Got Ubuntu 14.04 LTS and CentOS 7 auto-provisioning rockin' so far, Windows up next!

Good stuff!
I am pumped about foreman now after spending some time reading about it. My big push for it is to replace the need to wds and then maas, maas is to much of a pain customizing windows images and the complete lack of curtin Installer information sucks too. I just want to deploy any os from the tool. It would be great if deploying to iscsi can be integrated, which may be possible.

Sent from my SM-N920T using Tapatalk
 

whitey

Moderator
Jun 30, 2014
2,766
868
113
41
@whitey - getting stuck here. Totally bummed:
View attachment 2902

View attachment 2903

The host is nowhere in the foreman UI. Is that was you had an issue with?
I have not yet tried Foreman Discovery Image .iso w/ my home lab foreman setup, use it everyday at work for Linux provisioning across routed layer 3 subnets w/out DHCP/PXE/TFTP protocols/capabilities. To get the auto-provisioning to work you definitely have to configure a host group, subnet, domain (unless you used the provisioning setup wizard and have these already). Then you MUST associate 'Hosts -> Provisioning Templates' and then associate 'Hosts -> Operating Systems' -> Templates' to align w/ provisioning template changes in previous step.

Then I just boot up a VM on the same network segment as foreman, it PXE/TFTP boots to foreman JEOS net installer, the discover option is not working for me but I bet FDI would if I used that. Hit tab from there to see mac addy or go to vSphere (whatever hypervisor you are using and get MAC addy of VM/host). Next select 'Hosts -> New Host' and fill out relevant details (I enter MAC addy), check other tabs for proper info, on the 'Operating Systems' tab ensure you resolve 'Provisioning Templates' and all looks well there. Finally when you are happy/confident that everything is good hit 'Submit', you may have to reboot box of use Foreman to 'Build Host' or if you click the host there will be a 'Build' button. I have had to reboot/loop VM's for it to kick off. Not quite a slick as Satellite 6 and kexec process but close.

I followed these links/guides. It's a bit of a trick to get provisioning going 'properly'

Foreman
Foreman (add these two apt sources to /etc/apt/sources.list)

Code:
deb http://deb.theforeman.org/ trusty 1.9
deb http://deb.theforeman.org/ plugins 1.9
wget -q http://deb.theforeman.org/pubkey.gpg -O- | apt-key add -
apt-get update
Then run the installer again if you didnt enable provisioning the first time arnd.

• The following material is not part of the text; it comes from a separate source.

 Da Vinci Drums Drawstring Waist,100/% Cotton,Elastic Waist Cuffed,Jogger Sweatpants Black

'foreman-installer --enable-foreman-plugin-discovery'

Let me know if you could use screenshots of the above described process, I snapped them but didn't wanna shit up forums unless it is of value.
 
Last edited:
  • Like
Reactions: Chuntzu

Patrick

Administrator
Staff member
Dec 21, 2010
12,513
5,803
113
Thanks @whitey - I can get the manual provisioning to work, just not the auto discovery one. It would be nice not to key in information for a host every time.

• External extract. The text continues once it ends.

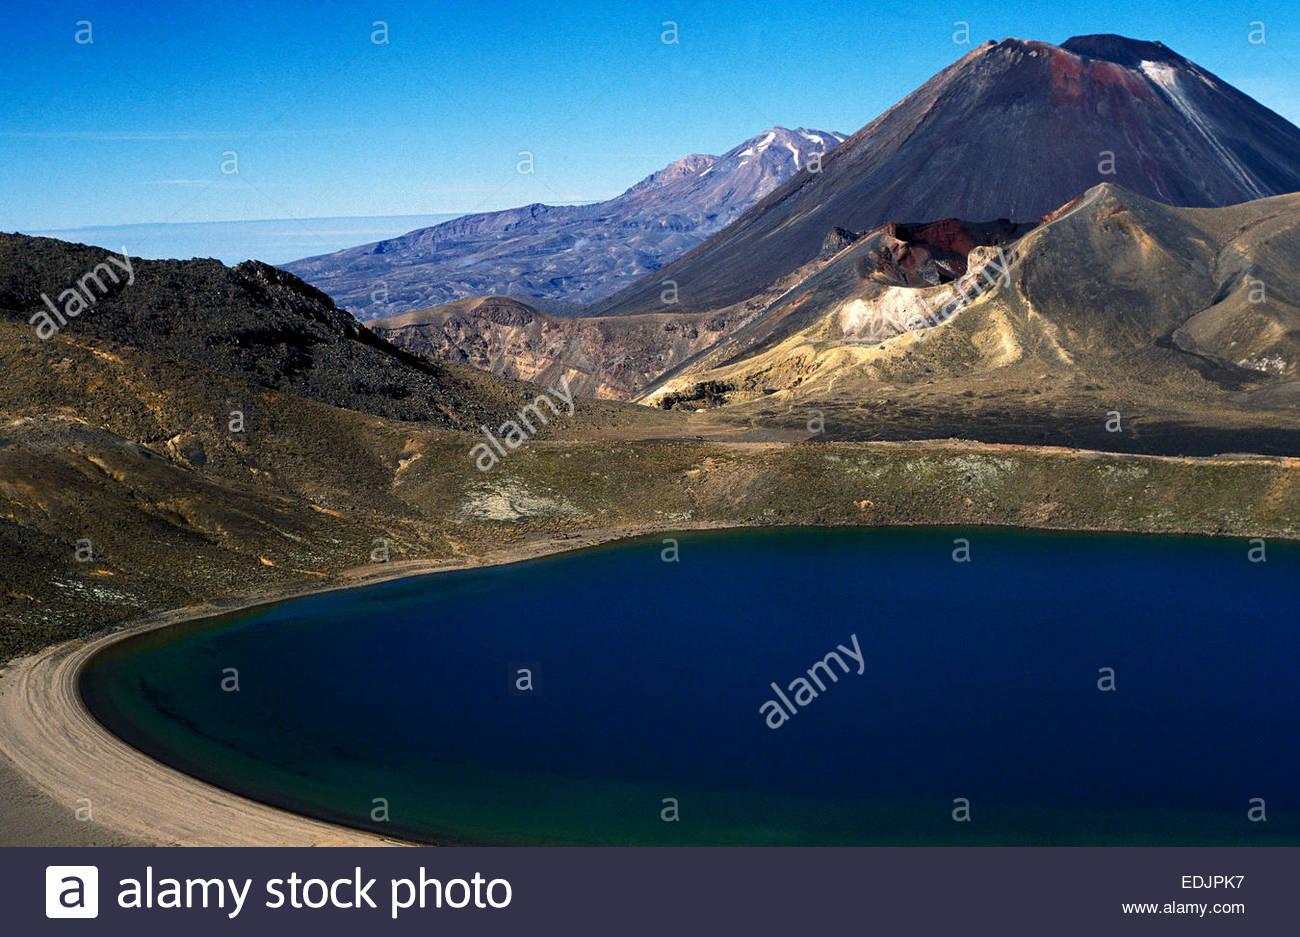 Ngauruhoe volcano and lake. Tongarori National Park, North island. - Stock Image

I will give that a try this afternoon.
 

whitey

Moderator
Jun 30, 2014
2,766
868
113
41
This is what I get when I do a FDI provision. Kexec doesn't seem to be gracefully rebooting the boxes and kicking off installer, I now have to go and provision in foreman, then shutdown VM, detach FDI iso, boot back up and it takes off!

Need to sort this out for sure but FWIW this does work silky smooth and as expected w/ RH Satellite 6.x...go figure pay 10K for an enterprise product subscription/entitlement and all the anomalies are squashed.

foreman-fdi-discovery.png

'May' have to engage 'Discovery Rules' but if the kexec reboot/installer (at least for RH/CentOS) is not kicking off on manual FDI provision and w/in Foreman through 'New Host' methodology we probably have to get that sorted out first before Discovery Rules will play nice.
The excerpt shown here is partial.